BEGIN Data provided
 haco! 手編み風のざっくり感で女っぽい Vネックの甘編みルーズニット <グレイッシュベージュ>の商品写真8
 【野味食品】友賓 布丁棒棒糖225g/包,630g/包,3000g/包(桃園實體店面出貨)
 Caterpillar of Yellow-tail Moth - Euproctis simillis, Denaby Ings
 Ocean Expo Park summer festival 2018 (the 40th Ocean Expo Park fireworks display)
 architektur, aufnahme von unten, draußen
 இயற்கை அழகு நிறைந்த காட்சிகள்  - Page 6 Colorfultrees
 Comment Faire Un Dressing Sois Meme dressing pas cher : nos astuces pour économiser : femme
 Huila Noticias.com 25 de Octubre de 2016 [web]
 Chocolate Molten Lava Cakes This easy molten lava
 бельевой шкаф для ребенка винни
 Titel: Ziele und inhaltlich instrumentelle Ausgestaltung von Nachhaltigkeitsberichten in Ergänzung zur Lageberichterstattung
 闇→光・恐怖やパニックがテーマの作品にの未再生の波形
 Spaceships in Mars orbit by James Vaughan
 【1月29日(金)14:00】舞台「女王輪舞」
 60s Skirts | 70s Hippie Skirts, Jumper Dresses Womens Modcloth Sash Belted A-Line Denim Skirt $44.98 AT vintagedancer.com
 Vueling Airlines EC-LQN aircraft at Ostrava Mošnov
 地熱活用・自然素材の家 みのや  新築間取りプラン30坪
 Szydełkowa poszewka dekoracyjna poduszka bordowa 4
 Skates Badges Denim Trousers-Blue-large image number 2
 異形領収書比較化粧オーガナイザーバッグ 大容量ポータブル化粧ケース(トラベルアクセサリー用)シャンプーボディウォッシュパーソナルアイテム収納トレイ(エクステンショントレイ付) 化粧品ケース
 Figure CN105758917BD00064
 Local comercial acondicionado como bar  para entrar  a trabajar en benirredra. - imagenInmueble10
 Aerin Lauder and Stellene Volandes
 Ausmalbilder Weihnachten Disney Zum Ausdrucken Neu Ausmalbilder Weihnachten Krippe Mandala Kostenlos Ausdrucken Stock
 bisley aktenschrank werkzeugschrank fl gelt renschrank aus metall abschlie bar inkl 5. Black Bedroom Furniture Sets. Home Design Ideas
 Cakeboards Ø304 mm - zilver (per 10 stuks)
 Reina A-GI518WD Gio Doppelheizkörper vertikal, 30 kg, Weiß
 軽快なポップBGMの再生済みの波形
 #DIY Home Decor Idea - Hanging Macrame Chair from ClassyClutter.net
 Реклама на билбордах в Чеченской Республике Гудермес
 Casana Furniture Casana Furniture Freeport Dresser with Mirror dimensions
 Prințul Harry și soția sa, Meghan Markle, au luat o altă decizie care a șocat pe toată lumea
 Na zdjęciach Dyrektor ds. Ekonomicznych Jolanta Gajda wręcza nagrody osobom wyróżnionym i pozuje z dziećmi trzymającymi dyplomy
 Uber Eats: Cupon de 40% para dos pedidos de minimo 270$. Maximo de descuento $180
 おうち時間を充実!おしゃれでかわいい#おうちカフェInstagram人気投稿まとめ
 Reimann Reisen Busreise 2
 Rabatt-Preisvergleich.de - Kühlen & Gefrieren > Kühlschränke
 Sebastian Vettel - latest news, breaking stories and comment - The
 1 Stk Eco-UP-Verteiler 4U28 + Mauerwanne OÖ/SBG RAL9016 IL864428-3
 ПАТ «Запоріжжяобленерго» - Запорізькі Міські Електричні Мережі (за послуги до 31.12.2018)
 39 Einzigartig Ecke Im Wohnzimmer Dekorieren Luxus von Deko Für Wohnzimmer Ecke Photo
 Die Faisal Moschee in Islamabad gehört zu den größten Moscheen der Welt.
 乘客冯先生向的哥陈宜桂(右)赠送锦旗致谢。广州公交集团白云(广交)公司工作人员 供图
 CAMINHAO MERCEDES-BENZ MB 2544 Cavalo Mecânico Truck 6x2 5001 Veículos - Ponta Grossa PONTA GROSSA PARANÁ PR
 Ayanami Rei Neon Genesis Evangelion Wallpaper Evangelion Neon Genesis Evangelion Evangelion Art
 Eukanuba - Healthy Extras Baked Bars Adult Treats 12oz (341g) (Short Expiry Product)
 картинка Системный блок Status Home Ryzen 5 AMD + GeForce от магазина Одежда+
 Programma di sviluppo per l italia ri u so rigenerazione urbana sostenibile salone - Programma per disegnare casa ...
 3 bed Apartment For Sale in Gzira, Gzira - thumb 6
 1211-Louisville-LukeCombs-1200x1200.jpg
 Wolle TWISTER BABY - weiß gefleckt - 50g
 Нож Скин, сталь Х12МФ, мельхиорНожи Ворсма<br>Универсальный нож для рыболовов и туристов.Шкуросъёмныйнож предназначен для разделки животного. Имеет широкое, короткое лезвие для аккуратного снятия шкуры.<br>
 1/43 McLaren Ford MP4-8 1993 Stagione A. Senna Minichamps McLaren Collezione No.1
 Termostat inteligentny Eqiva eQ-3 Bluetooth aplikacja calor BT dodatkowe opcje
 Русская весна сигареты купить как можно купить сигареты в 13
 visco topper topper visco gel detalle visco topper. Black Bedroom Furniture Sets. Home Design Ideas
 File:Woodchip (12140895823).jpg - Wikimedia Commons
END Data provided
▶ **What is expected**
An exact repetition of the data above is all that is needed.

▶ **Completed task**
 haco! 手編み風のざっくり感で女っぽい Vネックの甘編みルーズニット <グレイッシュベージュ>の商品写真8
 【野味食品】友賓 布丁棒棒糖225g/包,630g/包,3000g/包(桃園實體店面出貨)
 Caterpillar of Yellow-tail Moth - Euproctis simillis, Denaby Ings
 Ocean Expo Park summer festival 2018 (the 40th Ocean Expo Park fireworks display)
 architektur, aufnahme von unten, draußen
 இயற்கை அழகு நிறைந்த காட்சிகள்  - Page 6 Colorfultrees
 Comment Faire Un Dressing Sois Meme dressing pas cher : nos astuces pour économiser : femme
 Huila Noticias.com 25 de Octubre de 2016 [web]
 Chocolate Molten Lava Cakes This easy molten lava
 бельевой шкаф для ребенка винни
 Titel: Ziele und inhaltlich instrumentelle Ausgestaltung von Nachhaltigkeitsberichten in Ergänzung zur Lageberichterstattung
 闇→光・恐怖やパニックがテーマの作品にの未再生の波形
 Spaceships in Mars orbit by James Vaughan
 【1月29日(金)14:00】舞台「女王輪舞」
 60s Skirts | 70s Hippie Skirts, Jumper Dresses Womens Modcloth Sash Belted A-Line Denim Skirt $44.98 AT vintagedancer.com
 Vueling Airlines EC-LQN aircraft at Ostrava Mošnov
 地熱活用・自然素材の家 みのや  新築間取りプラン30坪
 Szydełkowa poszewka dekoracyjna poduszka bordowa 4
 Skates Badges Denim Trousers-Blue-large image number 2
 異形領収書比較化粧オーガナイザーバッグ 大容量ポータブル化粧ケース(トラベルアクセサリー用)シャンプーボディウォッシュパーソナルアイテム収納トレイ(エクステンショントレイ付) 化粧品ケース
 Figure CN105758917BD00064
 Local comercial acondicionado como bar  para entrar  a trabajar en benirredra. - imagenInmueble10
 Aerin Lauder and Stellene Volandes
 Ausmalbilder Weihnachten Disney Zum Ausdrucken Neu Ausmalbilder Weihnachten Krippe Mandala Kostenlos Ausdrucken Stock
 bisley aktenschrank werkzeugschrank fl gelt renschrank aus metall abschlie bar inkl 5. Black Bedroom Furniture Sets. Home Design Ideas
 Cakeboards Ø304 mm - zilver (per 10 stuks)
 Reina A-GI518WD Gio Doppelheizkörper vertikal, 30 kg, Weiß
 軽快なポップBGMの再生済みの波形
 #DIY Home Decor Idea - Hanging Macrame Chair from ClassyClutter.net
 Реклама на билбордах в Чеченской Республике Гудермес
 Casana Furniture Casana Furniture Freeport Dresser with Mirror dimensions
 Prințul Harry și soția sa, Meghan Markle, au luat o altă decizie care a șocat pe toată lumea
 Na zdjęciach Dyrektor ds. Ekonomicznych Jolanta Gajda wręcza nagrody osobom wyróżnionym i pozuje z dziećmi trzymającymi dyplomy
 Uber Eats: Cupon de 40% para dos pedidos de minimo 270$. Maximo de descuento $180
 おうち時間を充実!おしゃれでかわいい#おうちカフェInstagram人気投稿まとめ
 Reimann Reisen Busreise 2
 Rabatt-Preisvergleich.de - Kühlen & Gefrieren > Kühlschränke
 Sebastian Vettel - latest news, breaking stories and comment - The
 1 Stk Eco-UP-Verteiler 4U28 + Mauerwanne OÖ/SBG RAL9016 IL864428-3
 ПАТ «Запоріжжяобленерго» - Запорізькі Міські Електричні Мережі (за послуги до 31.12.2018)
 39 Einzigartig Ecke Im Wohnzimmer Dekorieren Luxus von Deko Für Wohnzimmer Ecke Photo
 Die Faisal Moschee in Islamabad gehört zu den größten Moscheen der Welt.
 乘客冯先生向的哥陈宜桂(右)赠送锦旗致谢。广州公交集团白云(广交)公司工作人员 供图
 CAMINHAO MERCEDES-BENZ MB 2544 Cavalo Mecânico Truck 6x2 5001 Veículos - Ponta Grossa PONTA GROSSA PARANÁ PR
 Ayanami Rei Neon Genesis Evangelion Wallpaper Evangelion Neon Genesis Evangelion Evangelion Art
 Eukanuba - Healthy Extras Baked Bars Adult Treats 12oz (341g) (Short Expiry Product)
 картинка Системный блок Status Home Ryzen 5 AMD + GeForce от магазина Одежда+
 Programma di sviluppo per l italia ri u so rigenerazione urbana sostenibile salone - Programma per disegnare casa ...
 3 bed Apartment For Sale in Gzira, Gzira - thumb 6
 1211-Louisville-LukeCombs-1200x1200.jpg
 Wolle TWISTER BABY - weiß gefleckt - 50g
 Нож Скин, сталь Х12МФ, мельхиорНожи Ворсма<br>Универсальный нож для рыболовов и туристов.Шкуросъёмныйнож предназначен для разделки животного. Имеет широкое, короткое лезвие для аккуратного снятия шкуры.<br>
 1/43 McLaren Ford MP4-8 1993 Stagione A. Senna Minichamps McLaren Collezione No.1
 Termostat inteligentny Eqiva eQ-3 Bluetooth aplikacja calor BT dodatkowe opcje
 Русская весна сигареты купить как можно купить сигареты в 13
 visco topper topper visco gel detalle visco topper. Black Bedroom Furniture Sets. Home Design Ideas
 File:Woodchip (12140895823).jpg - Wikimedia Commons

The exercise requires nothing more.